Adrian Lenardic (Photo by Jeff Fitlow/Rice University)
Adrian Lenardic (Photo by Jeff Fitlow/Rice University)

The search for life is a team sport that involves biologists, astronomers, planetary scientists and others who collaborate through groups such as NASA’s Nexus for Exoplanet System Science (ECSS) project and the European Space Agency’s International Summer School in Astrobiology.

“When I teach planetary science, one question I actually give students is, ‘What is life? Give me a definition.’ And it’s not easy,” Lenardic said. He noted that students and working scientists have put forward a range of answers.

“But if we can agree on one thing, it’s that life needs energy,” he said. “We’ve thought about the sun as an energy source for a long time, and we’ve come to appreciate a planet’s internal energy, which comes from the decay of radioactive elements within its rocky interior. Jupiter’s moons have taught us to also appreciate tidal forcing, and we’re starting to find exoplanets that have orbits that allow for significant tidal forcing.”

Lenardic said plate tectonics, much like the narrow habitable zone, is another long-held criterion for planetary habitability that is being challenged by recent findings.

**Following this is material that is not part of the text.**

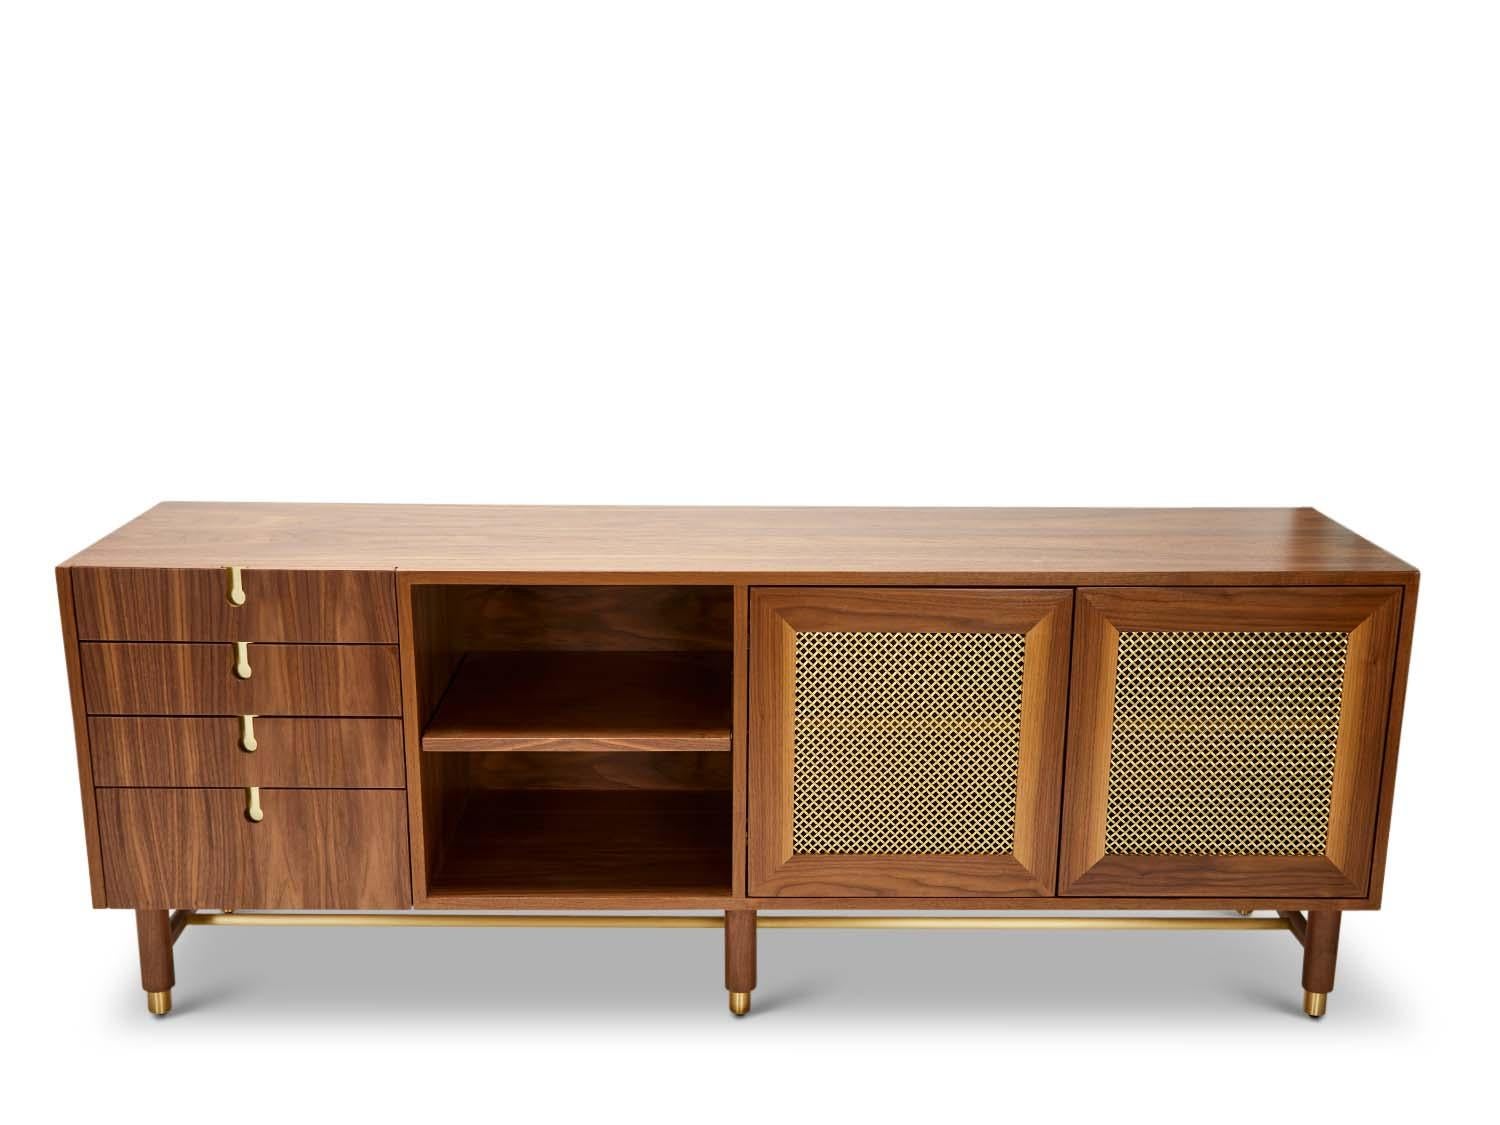 The Niguel Credenza features brass cap feet, a brass cross-stretcher bar and brass inlaid details with brass mesh sliding bypass doors. 

The Lawson-Fenning Collection is designed and handmade in Los Angeles, California. Reach out to discover what

On Earth, plate tectonics assumes a part in balancing atmosphere, yet the possibility that plate tectonics is significant forever is tested by progressively advanced models of planetary atmospheres. For instance, in a January contemplate in the Journal of Geophysical Research, Lenardic and partners indicated how water could be kept up on universes without plate tectonics.

The part in the up and coming “Handbook of Exoplanets” additionally investigates this thought by considering planetary life potential under a scope of structural modes that contrast from Earth’s.

“I’m an optimist,” Lenardic said. “We’re at the first point in our history as humans where we might actually have some observations from other planets that we can use to test any of these ideas about life beyond our own. It can be easy to be Earth-centric and assume that life requires a planet like our own.”

“But what we are seeing within our solar system is causing us to question this. One of the things I have learned from the history of exploring our own solar system is to be prepared for a surprise. As we move beyond our solar system, in our search for life, that lesson is driving us to adapt our search strategies.”